Consumer Dispute Settlement Commission rebukes

SK Broadband’s (ex Hanaro Telecom) for its misappropriation of private information and  Auction for its personal data leakage

[SK Broadband’s misappropriation of private information]

On December 3, 2008, the Consumer Dispute Settlement Commission of the Korea Consumer Agency (Chair: Mr. Kouwhan Jeong,) ordered the Broad & Internet Service (ex Hanafos) to compensate KRW 300,000 of condolence to each subscriber for misappropriating personal information of their clients.  920 subscribers had requested the KCA to commence the Collective Alternative Dispute Resolution against SK Broadband (ex Hanaro Telecom) for giving away personal data without their consents. 

The Consumer Dispute Settlement Commission has made the above decision based on documents which had been received by SK Broadband as per subscribers’ requests.

Consumer Dispute Settlement Commission recognized that SK Broadband violated the Act on the Promotion of Information and Communication Network Utilization and the Protection of Data by committing several unlawful practices which includes the omission of consumers’ written consents, personal data disclosure prior to consumers’ consents, signature discrepancy on the consumers’ written consents, and excessive data disclosure more than permitted levels.  However, the CDSC did not acknowledge SK Broadband’s liability for the private data disclosures made based on the permitted levels of consumers’ consents

[Personal information leaks by Auction]

On the same day, Consumer Dispute Settlement Commission asked Auction to bear the responsibility and to compensate for subscribers’ mental damages from personal data leaks.  5,747 subscribers’ personal information was leaked by hackers.    

Even though 4 Chinese hackers have been arrested by the Chinese police, Korean police is yet to make any

arrests of the principal hackers in Korea, and no investigation details regarding the hacking methods and

hackers’ identities have been revealed as of far.  The CDSC asked Auction to compensate for personal data

leakage by hacking since Auction should bear the liability for negligence in private information protection.

According to the CDSC, Auction, as an information & communication service provider, should have installed web fire wall and should have encrypted personal data like resident registration numbers in order to protect their subscribers’ personal data on their database.  Nevertheless, Auction failed to take those preventive measures, neglecting their duties in protecting 18 million subscribers’ private information.  

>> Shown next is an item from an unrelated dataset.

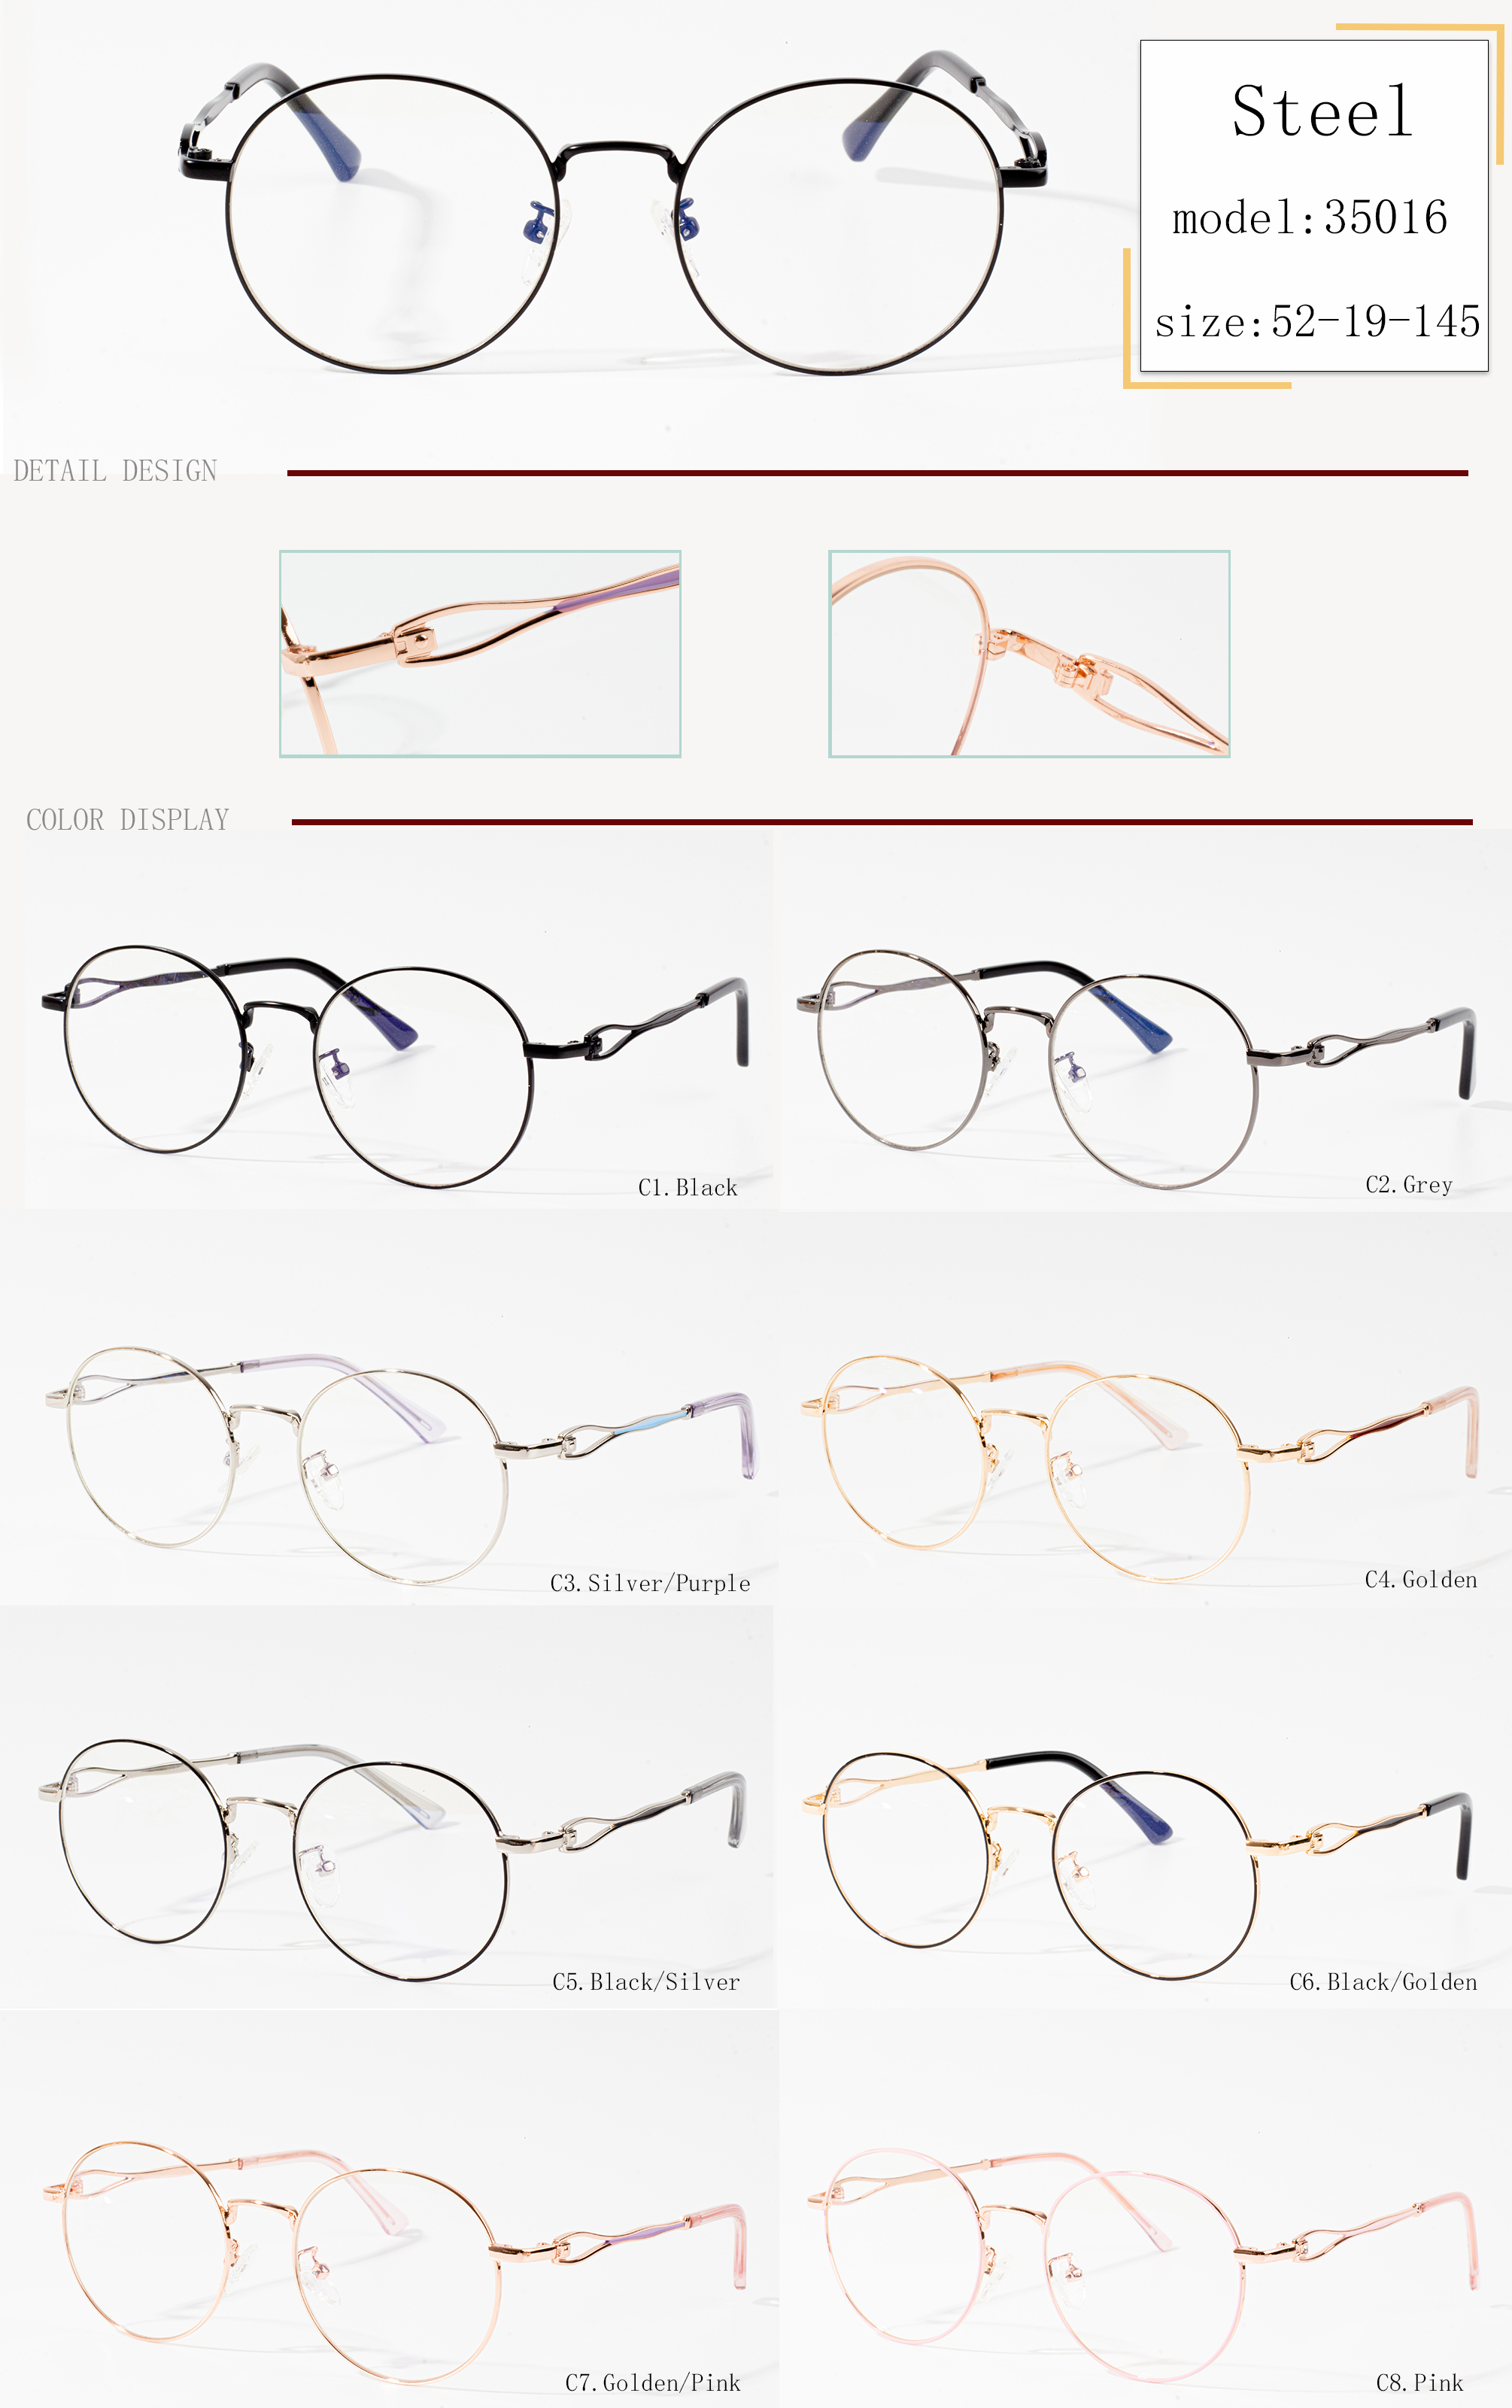 populiarūs akinių rėmeliai

After taking into consideration the fact that that Auction immediately informed consumers of the information leak in order to stop the damage proliferation, the CDSC asked Auction to compensate KRW 100,000 for bigger damage and KRW 50,000 for smaller damage (KRW 100,000 : all personal information was disclosed including name, Auction ID, address, telephone No. resident registration No. bank account no. / KRW 50,000 : partial data were exposed)    

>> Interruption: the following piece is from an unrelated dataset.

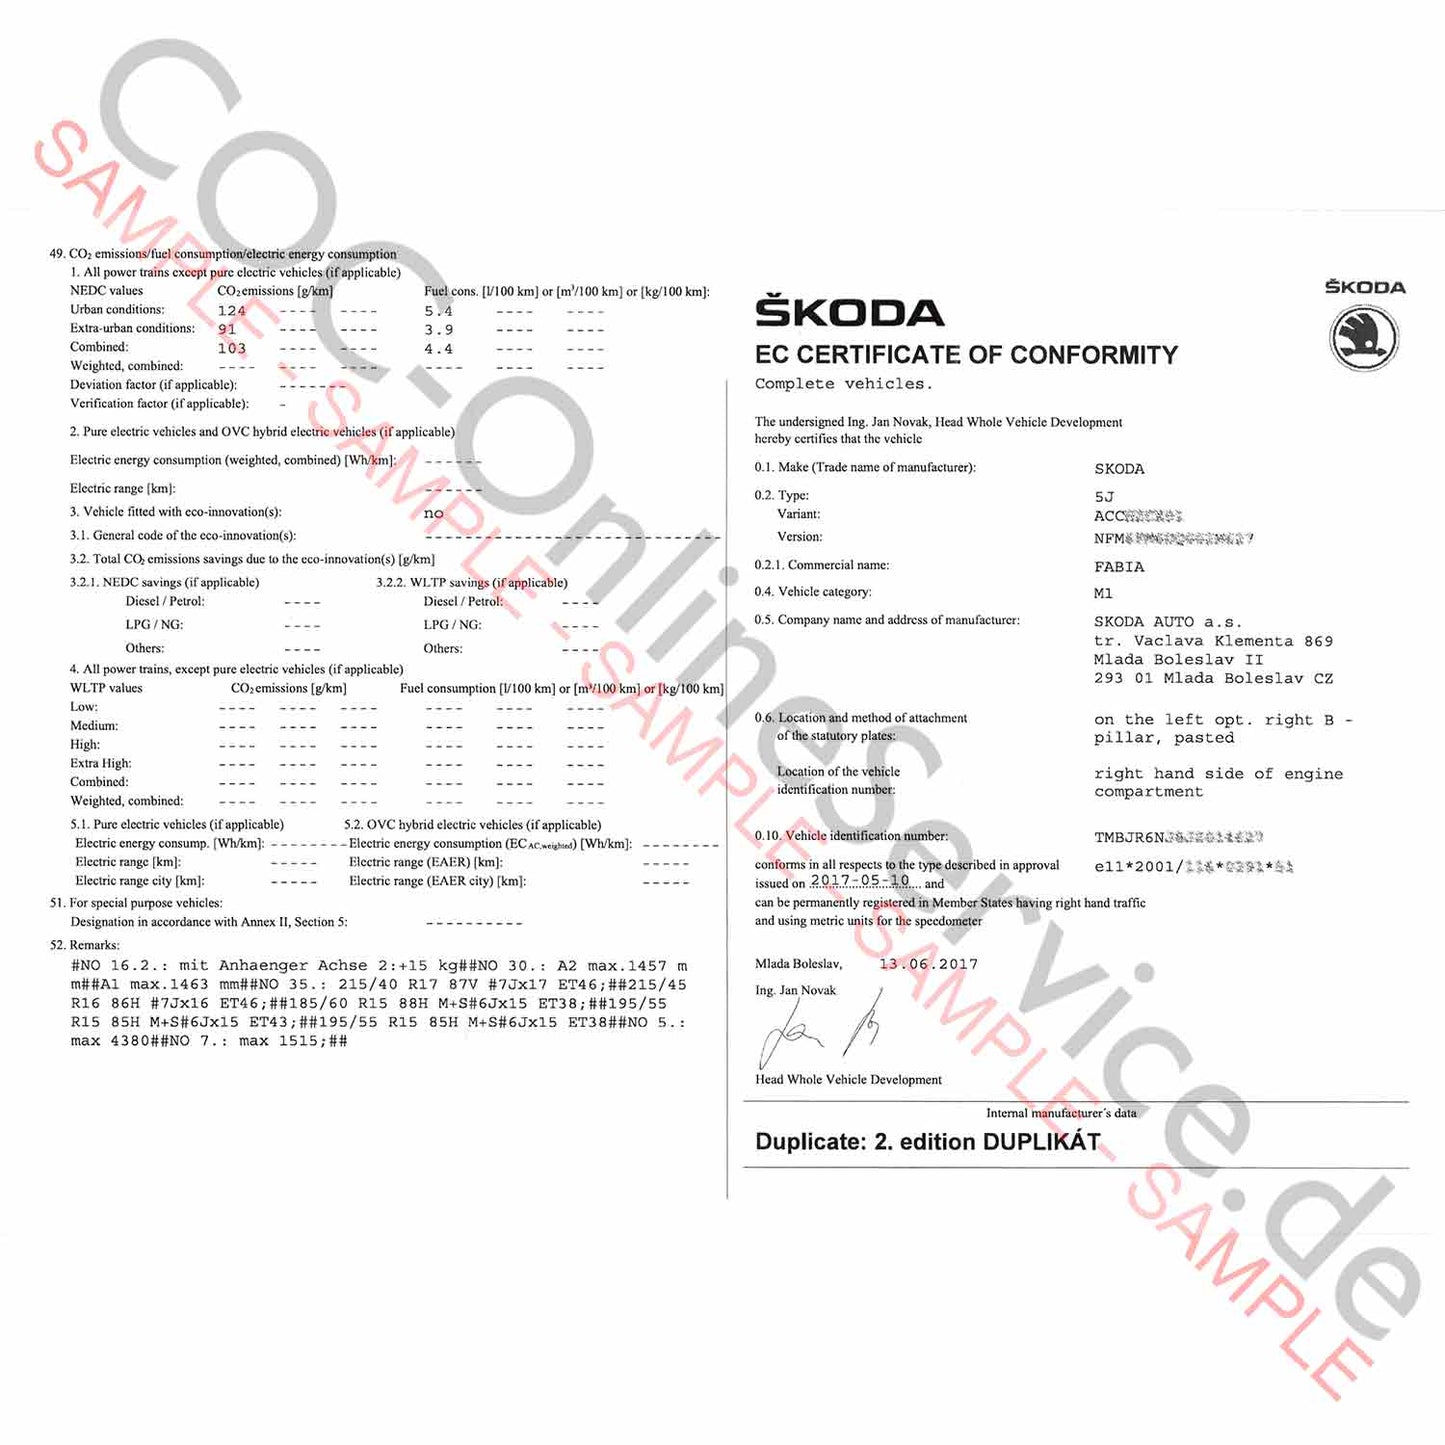 COC-papieren voor Skoda (certificaat van overeenstemming)

Within 15days of notification to all concerned parties (SK Broadband, Auction, damaged consumers), the above decision shall be executed when all the concerned parties accept the settlement decision.  If then, the settlement decision equals to “Judicial compromise” and SK Broadband and Auction are required to compensate the condolence to their subscribers.  If they do not fulfill what has been agreed, the damaged consumers can exercise “compulsory enforcement power.”